In order to illustrate the effect of this mixing we shall consider
first the OPE for the two-point functions 
\be
\langle 0| T\{j_{1}, \bar j_{1}\}| 0 \rangle , ~ 
\langle 0| T\{i_{1}, \bar i_{1}\}| 0 \rangle , ~ 
\langle 0| T\{j_{1}, \bar i_{1} \}| 0 \rangle , ~
\langle 0| T\{i_{1}, \bar j_{1}\}| 0 \rangle.
\label{ij}
\ee
and the Lorentz structure proportional to $\gsl q$. When both phases are set 
to zero, $\th_G=\th_q=0$, only the diagonal, $ii$ and $jj$, 
two-point functions survive and the cross--terms in (\ref{ij}) are 
identically zero. When the $\th$-phases are not zero, the 
$ij$ correlators no longer 
vanish and an explicit calculation gives,
\be
 i\int d^4x e^{iq\cdot x}\langle 0| T\{j_{1}, \bar i_{1} \}| 0 \rangle =
i(\theta_G-\theta_q)\fr{3}{4\pi^2}m_*\langle \bar qq\rangle \gsl q
\ln \frac{\La^2}{-q^2}\\
 i\int d^4x e^{iq\cdot x}\left(\langle 0| T\{j_{1}, \bar j_{1} \}| 0 \rangle-
\langle 0| T\{i_{1}, \bar i_{1} \}| 0 \rangle\right )= 
\fr{3}{2\pi^2}m_*\langle \bar qq\rangle \gsl q\ln \frac{\La^2}{-q^2}. 
\nonumber
\end{eqnarray}
A straightforward re-diagonalization produces two ``eigencurrents'', $j_1 + 
\fr{i\tilde \th}{2}i_1$ and  $i_1 - \fr{i\tilde \th}{2}j_1$,
not mixed in the presence of $\th_G$ and $\th_q$. 
A similar procedure can be performed for the currents $j_2$ and $i_2$.
The mixing between  $j_1$ and  $i_2$,  and $j_2$ and $i_1$, is absent even
for nonzero $\th_G,~\th_q$ because these currents  differ by 
an overall $\gamma_5$ matrix which effectively gives an anticommutator 
with $\gsl{\!q}$.
Therefore, the generalization of the neutron interpolating current 
(\ref{etan})  can be written in the following form,
\be
\eta_n = j_1 + \beta j_2 + \fr{i\tilde \th}{2}\left( i_1 +\beta i_2 \right)
\label{etan1}
\ee
Since the mixing between these two sets is explicitly proportional to 
$\th_G-\th_q$, it is convenient to take $\th_q=\th_G$ as a useful choice 
of basis when working with $j_1$ and $j_2$, where the mixing between 
$j_{1,2}$ and $i_{1,2}$, is simply absent.

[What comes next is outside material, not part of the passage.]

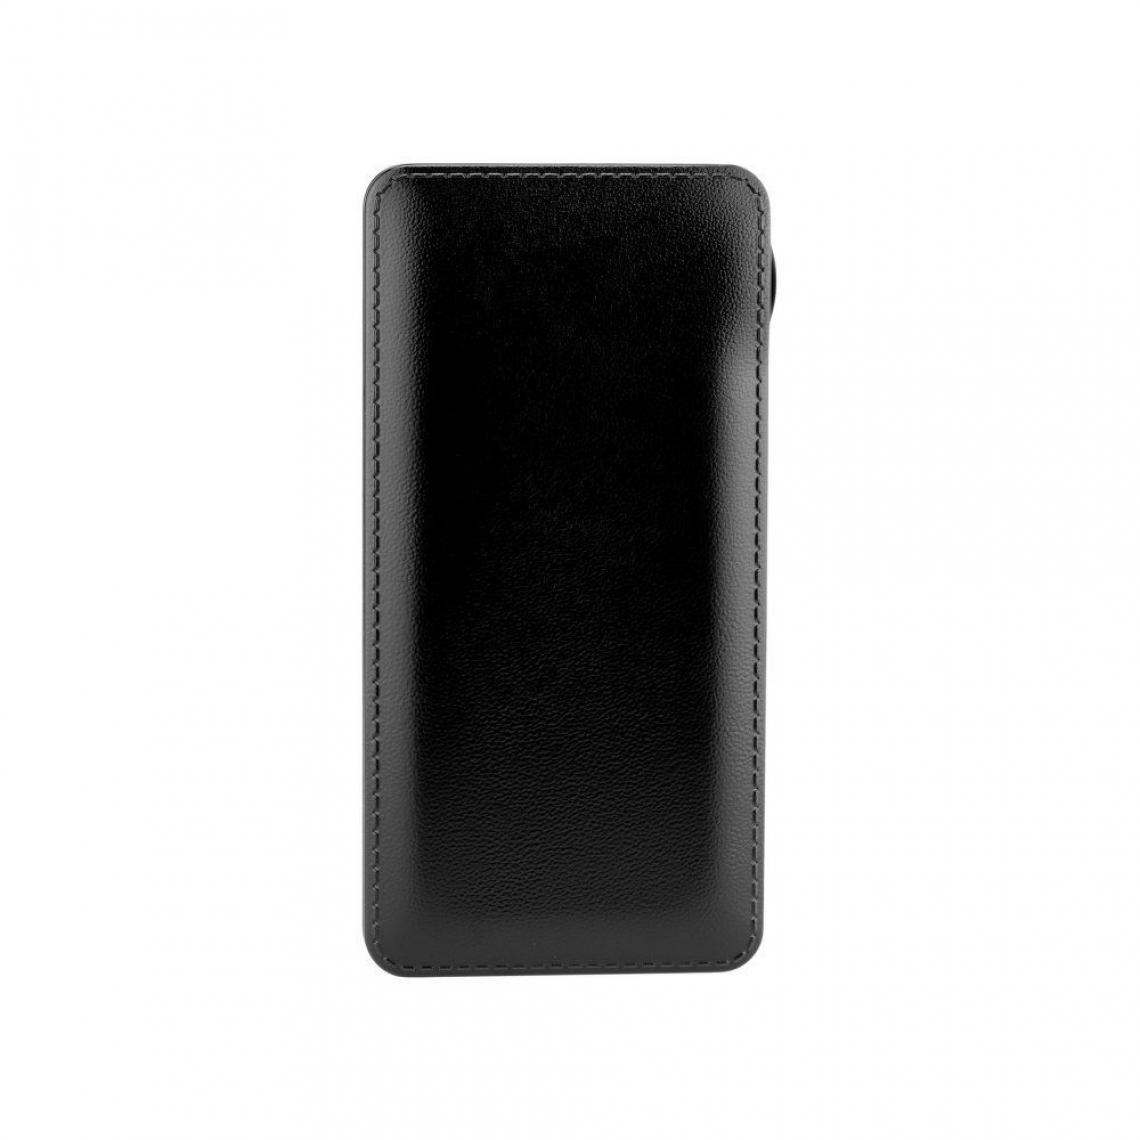 Ozzzo - Chargeur batterie externe 30000 mAh powerbank ozzzo noir pour Samsung Galaxy A10 - Autres accessoires smartphone

This situation resembles 
the problem in obtaining the ``correct'' quark mass behavior for 
the EDM of $\rho$, addressed in \cite{PR}, in which one can simplify
calculations by choosing $m_u=m_d$. Alternatively, one can 
use the generalized form for the current and observe 
that the presence of extra terms in 
(\ref{etan1}) gives a contribution to the OPE cancelling identically 
the $\tilde \theta$--dependence of eq. (\ref{opejj}).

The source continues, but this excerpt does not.